The technique of blocking overproduced endogenous cytokines that are involved in the pathogenesis of IBD by using human or humanized mAbs to cytokines has been emerging as an effective therapy in the treatment of IBD.

Monoclonal Antibodies Targeting TNF TNF is an important proinflammatory cytokine during the development of IBD, which not only modulates immune cell proliferation, but also upregulates adhesion molecules, and induces apoptosis of intestinal cells including epithelia.[20,21] Inhibition of TNF production initiated by TNF antibody can lead to amelioration of intestinal inflammation, as shown by experimental colitis and clinical trials.[20,21] Currently, the following mAbs to TNF, which have been clinically used and approved by the US FDA for treatment of IBD, will be discussed here: infliximab, adalimumab and certolizumab pegol (CDP870). CDP571 and soluble TNF receptors including etanercept and onercept seem to have no prospective of development in IBD treatment and, therefore, will be not discussed in this article.

Infliximab Infliximab is a chimerical human/murine monoclonal IgG1 antibody, binding with high affinity both to the soluble and the transmembrane form of human TNF. Infliximab can quickly form stable complexes with human TNF, which leads to the loss of biological activity by TNF.[22] Currently, infliximab is administered to IBD patients as an intravenous infusion at a dose of 5 mg/kg bodyweight at weeks 0, 2 and 6, followed by 5-mg/kg infusions every 8 weeks for maintenance.[23] As a conventional treatment, infliximab has been demonstrated to provide clinical benefit, reduce signs and symptoms of disease and improve quality of life.[24] In a placebo-controlled trial,[25] 13 patients with steroid-refractory Crohn's disease were treated with a single infusion of infliximab (5–20 mg/kg), and five were treated with placebo. Total histological activity score was reduced significantly in both ileitis and colitis after infliximab, with a virtual disappearance of the neutrophils and a reduction of mononuclear cells. Mucosal architecture returned to normal in four patients with infliximab treatment at 4 weeks. Signs of active inflammation nearly disappear accompanied by a profound downregulation of mucosal inflammatory mediators including ICAM-1 and TNF.[25]

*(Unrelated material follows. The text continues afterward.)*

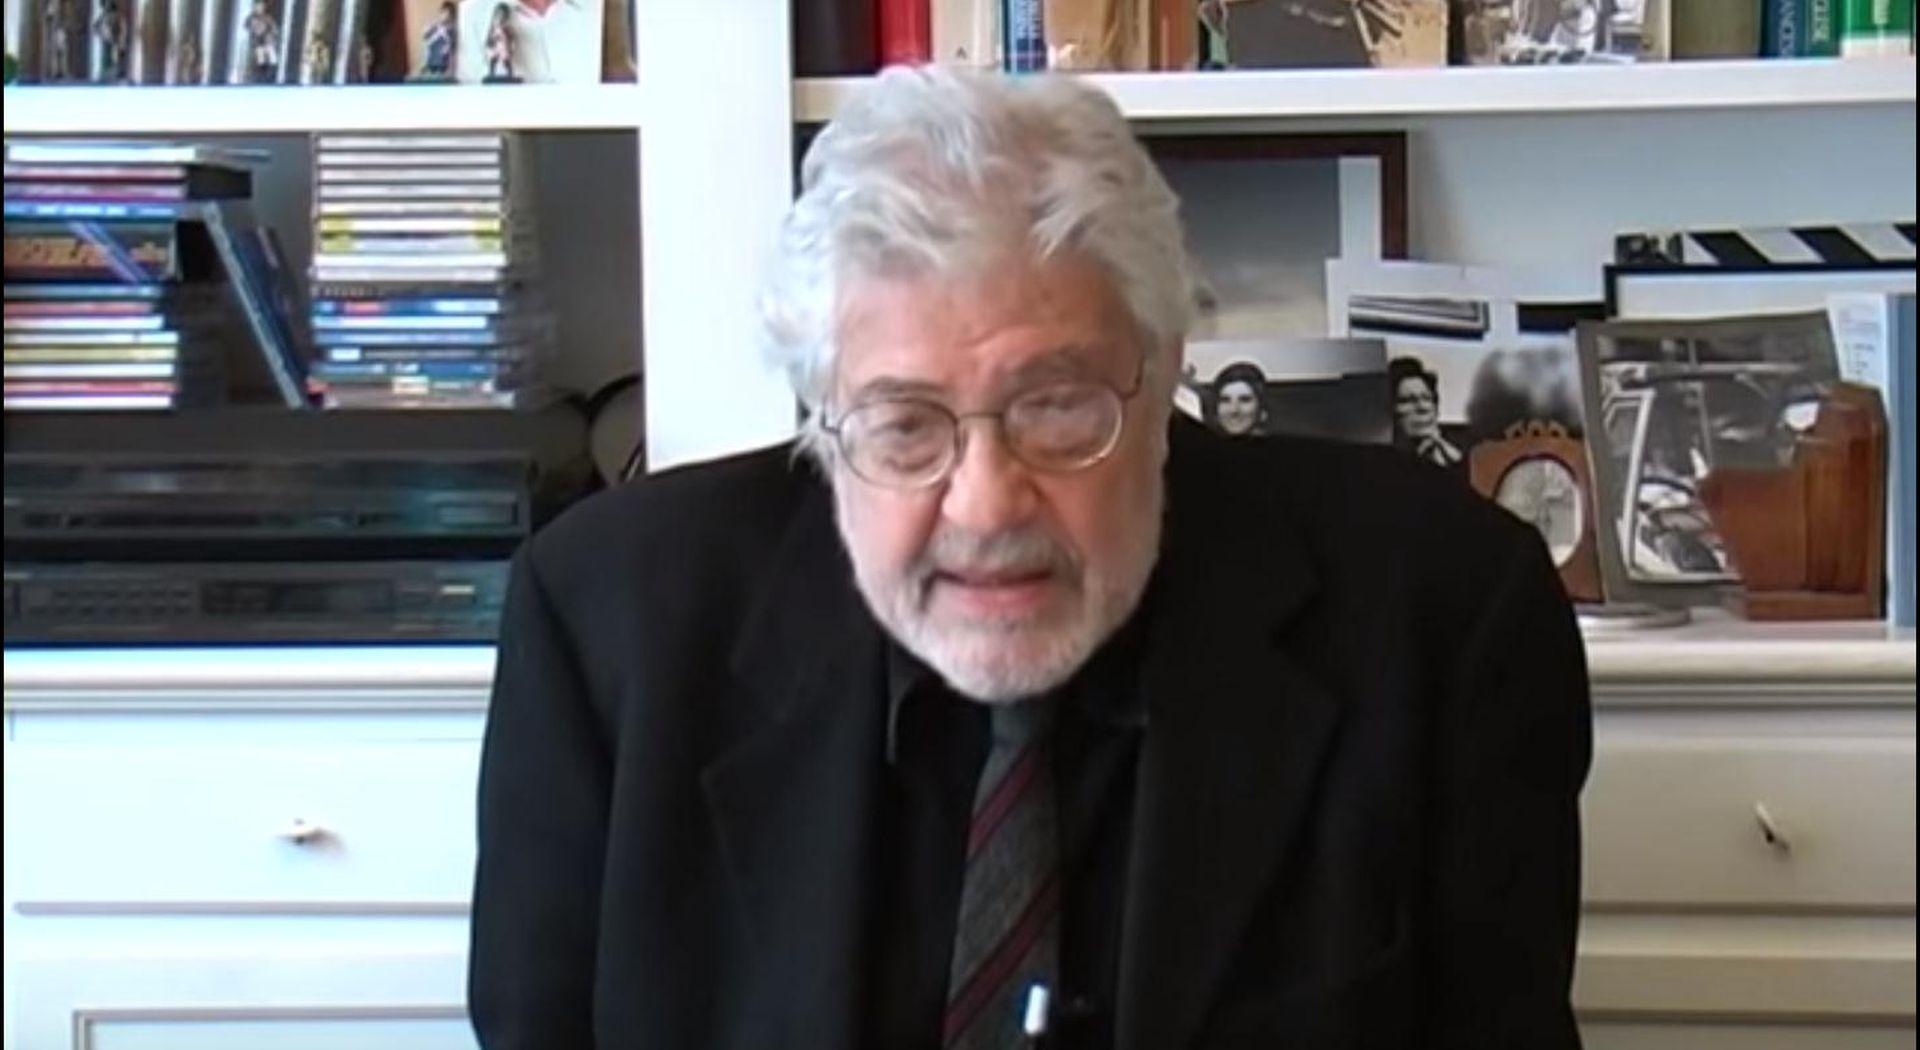 SLAVNI TALIJANSKI FILMAŠ U 84. godini preminuo Ettore Scola

A 12-week multicenter, double-blind, placebo-controlled trial of cA2 (infliximab) in 108 patients with moderate-to-severe Crohn's disease who were resistant to treatment was conducted.[26] Patients were randomly assigned to receive a single 2-h intravenous infusion of either placebo or cA2 in a dose of 5, 10 or 20 mg/kg. At 4 weeks, 81% of the patients given 5 mg/kg, 50% of those given 10 mg/kg and 64% of those given 20 mg/kg had had a clinical response, compared with 17% of patients in the placebo group (p < 0.001 for the comparison of the cA2 group as a whole with placebo). In total, 33% of the patients given cA2 went into remission (defined as a score below 150 on the Crohn's Disease Activity Index [CDAI], compared with 4% of the patients given placebo (p = 0.005). At 12 weeks, 41% of the cA2-treated patients had had a clinical response, compared with 12% of the patients in the placebo group (p = 0.008). The rates of adverse effects were similar in the groups.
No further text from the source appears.